The other day I talked about the different types of perspectives we have (some we choose, some that choose us). So much of what we see is based on our story, where we come from.
Wendell Berry says it well, how is it that we can know where we are going if we have not figured out where we have come from?
So much of conflict in our relationships comes from our own personal conflict DNA: The physiological makeup of our being combined with our emotional makeup. If you watch a newborn baby, they will respond to what they see in their mom as she looks at the baby. The mom smiles, the baby smiles back. The baby mirrors what they see, they don’t yet have an identity.
The same is true for our conflict styles. We are often mirroring what we have seen, and have yet to develop our own way of handling conflict.
What did you learn about conflict from your childhood home?
How are you continuing that legacy today?
What place (if any) did emotions have at home?
You can’t change what happened to you as a child, but you can change how you navigate your relationships today. They don’t have to be the same.

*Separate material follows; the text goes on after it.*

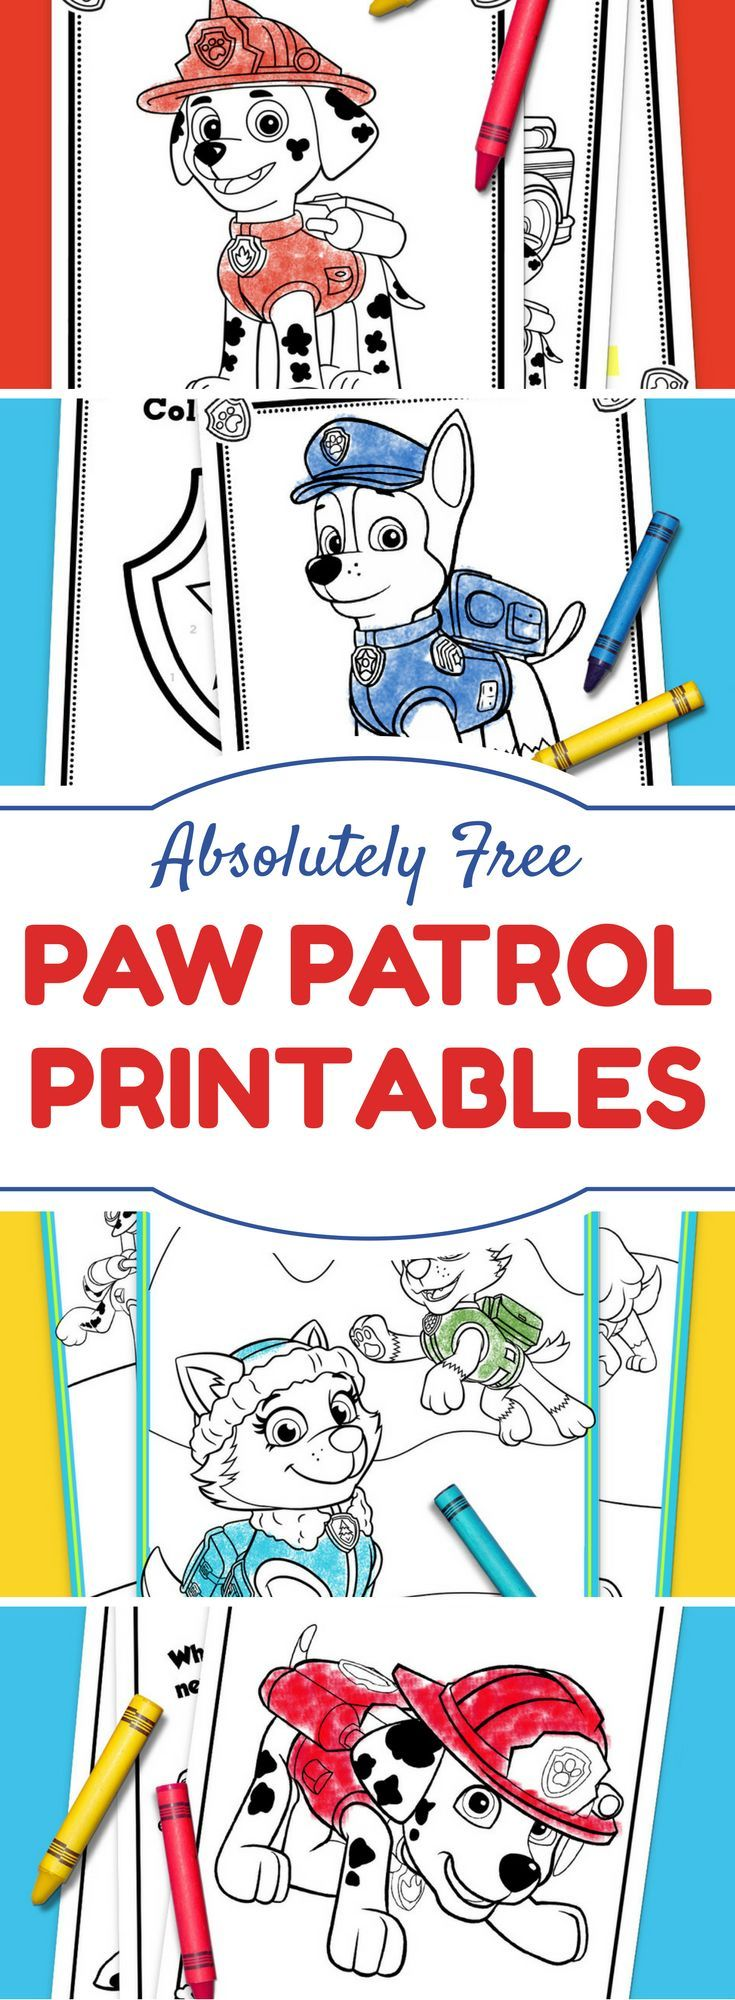 The Top 10 PAW Patrol Printables of All Time   Fiestas infantiles ...

Our perspectives matter in life, especially in relationships. Usually we see what we want to see, what we are looking for. But, we don’t have complete control over what we see. There are 3 things that shape our perspective:
1. My Stance (what I am conscious of, what is my viewpoint). What is it that you’re looking for, or not looking for? Sometimes I will have a couple stand at opposite ends of my office to look out the windows on either side of the building. Their backs are towards each other. They have very different objects to look at and tell the other about.
2. My DNA (what I’m predisposed towards). Remember the dress? Is it black/blue or white/gold? Turns out, your DNA controls what colors you see. Not everything that we see is our choice to see.
3. My Story (what I am unconscious of). We need others to help us see what we’re looking for, because we’re unable to see all parts of ourselves. Sometimes we are driven or motivated by what we cannot see.
Fights occur when we think that only one person’s perspective can be right. The reality is, both perspectives matter (and contain truth!). Trying to fight for who is right gets really messy.
Stages of a Fight:
There is a direct correlation to the severity of a fight in regards to two factors.
1. How often does the offense reoccur.
If your conflicts are happening about the same issue over and over again, chances are the fights are going to be more difficult to overcome. The overwhelming majority of conflict in relationships is perpetual. It’s way more important to process the perpetual conflict together as a team than it is to find a solution or a fix to the problem.
2. How much damage is done in the escalation stage?
We all have a choice in how we’re going to respond to an offense (or in how our partner responds to an offense). Limit the damage (yelling, name calling, contempt, stone walling, etc) and the repairs will be far easier.
Lastly. Most fights become worse because of a 2nd offense. Our natural reaction to pain usually creates another offense. We hurt the other person (with words, yelling, etc) to show how badly we hurt. The challenge then becomes what offense do we focus on first?
I recently finished some pre-marital couples counseling with a delightful young couple. Before I released them to the wild world of marriage, I challenged them to adopt two words (concepts) as cornerstones for their upcoming union: Grace and gratitude. Here’s why:
Showing grace implies forgiveness, acceptance, and a belief that your spouse is a better man/woman than what the offending action shows. It’s easy to get offended or hurt and turn away from them as protection. Next time this happens show them grace by placing your hand on their chest over their heart and say, “I don’t believe that you intended to harm me, and that you do love and care for me.” Watch what happens next.
The second is gratitude. As a whole, we are not that grateful of a people. Instead, we are an entitled people. It feels like a personal insult when I ask my wife to do something and she either forgets, or doesn’t do it the way I wanted her to do it. Rarely do I encounter couples that genuinely like each other. Most couples remember liking each other, but I’m not in the line of work that usually gets to hang out with folks who are in that stage of life. But even outside of my profession I don’t see a lot of couples who seem grateful for one another. Entitlement will destroy your relationship — Gratitude will repair and heal your relationship.
Practice giving thanks to your spouse, for even the smallest of items.
“Thank you for smiling at me this morning.”
“Thank you for sitting next to me on the couch.”
“Thank you for turning off the TV and listening to my tough day.”
“Thank you for marrying me.”
“Thank you … <fill in the blank>”
It doesn’t take a lot to change the tune of your day, or your spouse’s day. Show them grace, and gratitude, and see how quickly you begin to like them again.